# Non-immigrants' Statistics

### Data Engineering Capstone Project

#### Project Summary

The project "Non-immigrants' Statistics" collects data from different sources in order to determine the non-immigrants' trends in US states.    
The data would give the ability to analyze the trends around non-immigrants while showing the influx and efflux of induviduals within the American states.       

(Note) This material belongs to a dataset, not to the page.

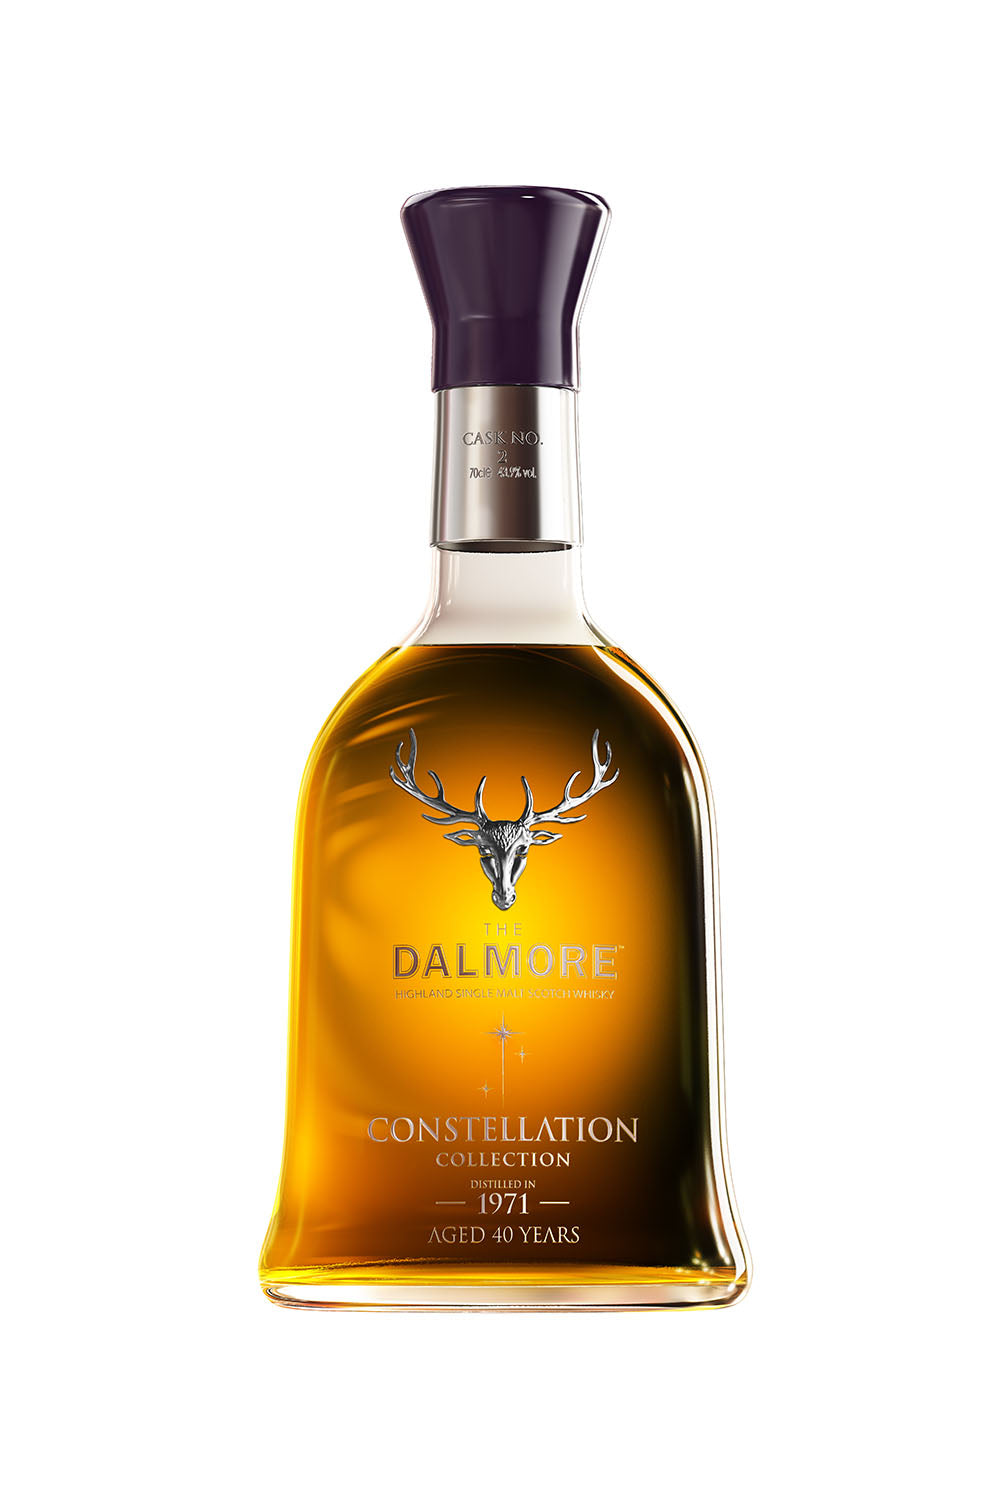 The Dalmore 1971 Constellation - Cask 2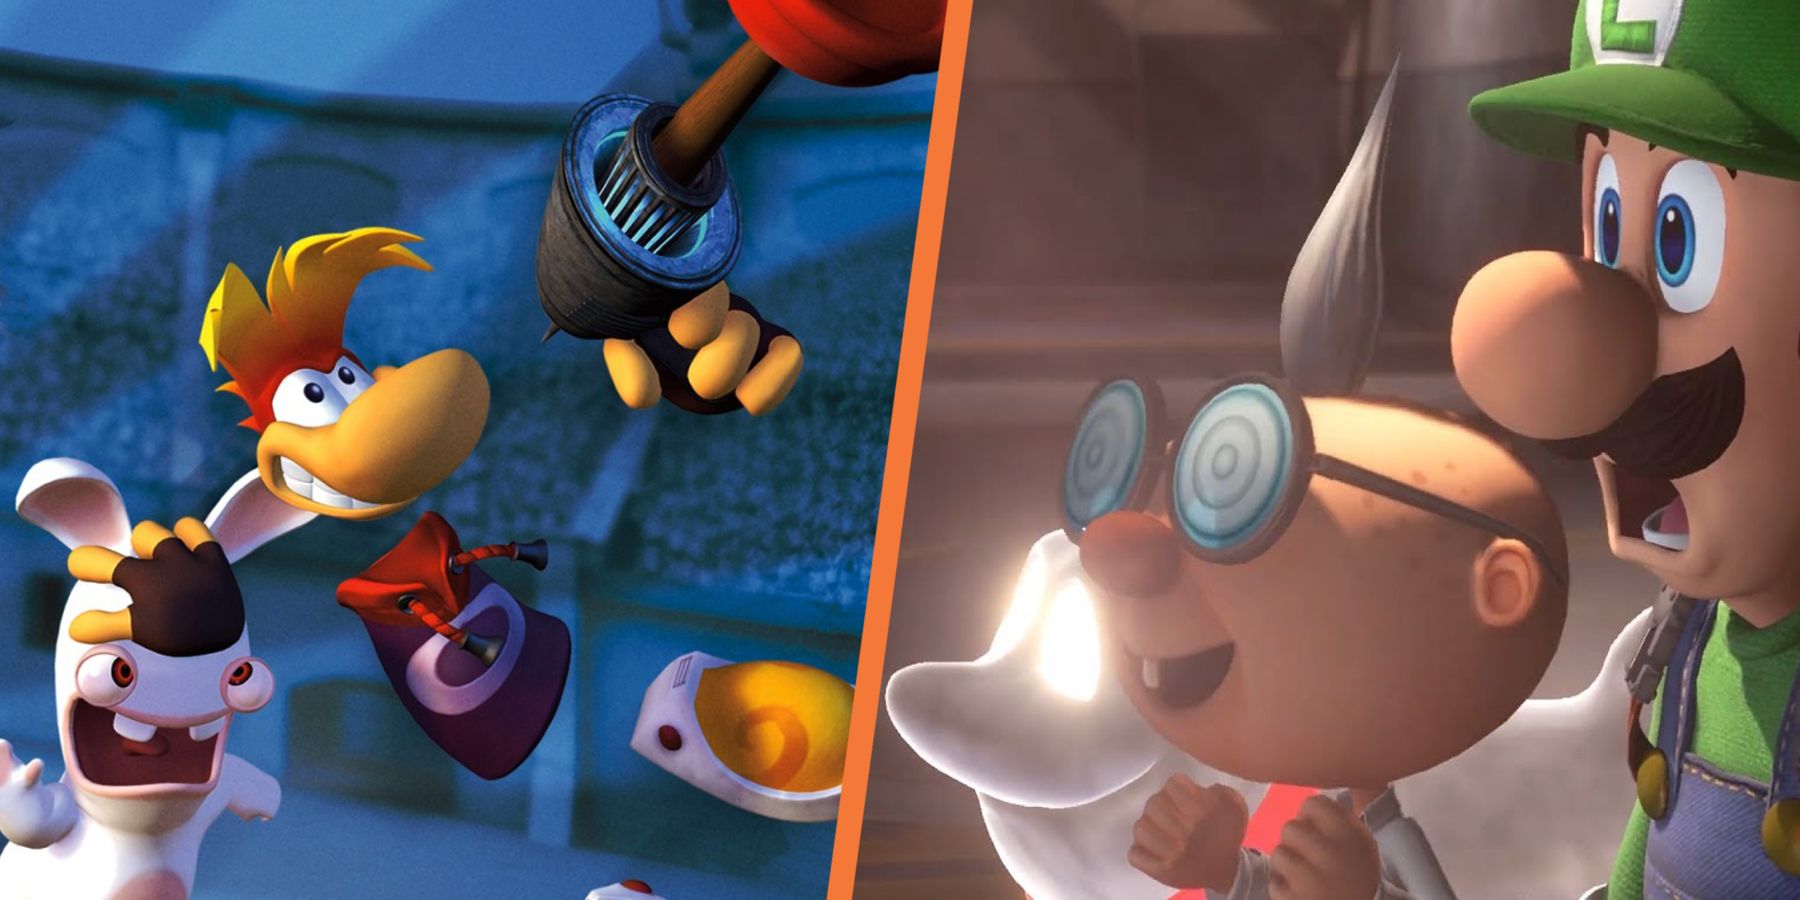 Rayman and Rabbids on the left, with Luigi and E Gadd on the right.

The project follows the following steps:
* Step 1: Scope the Project and Gather Data
* Step 2: Explore and Assess the Data
* Step 3: Define the Data Model
* Step 4: Run ETL to Model the Data
* Step 5: Complete Project Write Up

In [1]:
from pyspark.sql import SparkSession
#from pyspark.sql.functions import udf, desc, asc, sum
from pyspark.sql.functions import *
from pyspark.sql.types import StringType, IntegerType, DateType
import datetime
import configparser
import os

import numpy as np
import pandas as pd
%matplotlib inline
import matplotlib.pyplot as plt

In [2]:


config = configparser.ConfigParser()
config.read('dl.cfg')

os.environ['AWS_ACCESS_KEY_ID']=config['AWS']['ACCESS_KEY_ID']
os.environ['AWS_SECRET_ACCESS_KEY']=config['AWS']['SECRET_ACCESS_KEY']
os.environ['S3_OUTPUT_DATA']=config['AWS']['SECRET_ACCESS_KEY']
output_data = config['S3']['OUTPUT_DATA']


In [3]:
spark = SparkSession \
        .builder \
        .config("spark.jars.packages", "org.apache.hadoop:hadoop-aws:2.7.0") \
        .appName("Non-immigrants' Trends") \
        .getOrCreate()

### Step 1: Scope the Project and Gather Data

<!--#### Scope 
Explain what you plan to do in the project in more detail. What data do you use? What is your end solution look like? What tools did you use? etc> -->


##### Problem Statement

In order to analyze the non-immigrants' trends, the bellow questions can be answered with the data:    
1. Where do most U.S. non-immigrants visit/live?
2. Who is arriving today? (By race/ethnicity/gender)
3. Where do non-immigrants come from?
4. How many people in the U.S. are non-immigrants? 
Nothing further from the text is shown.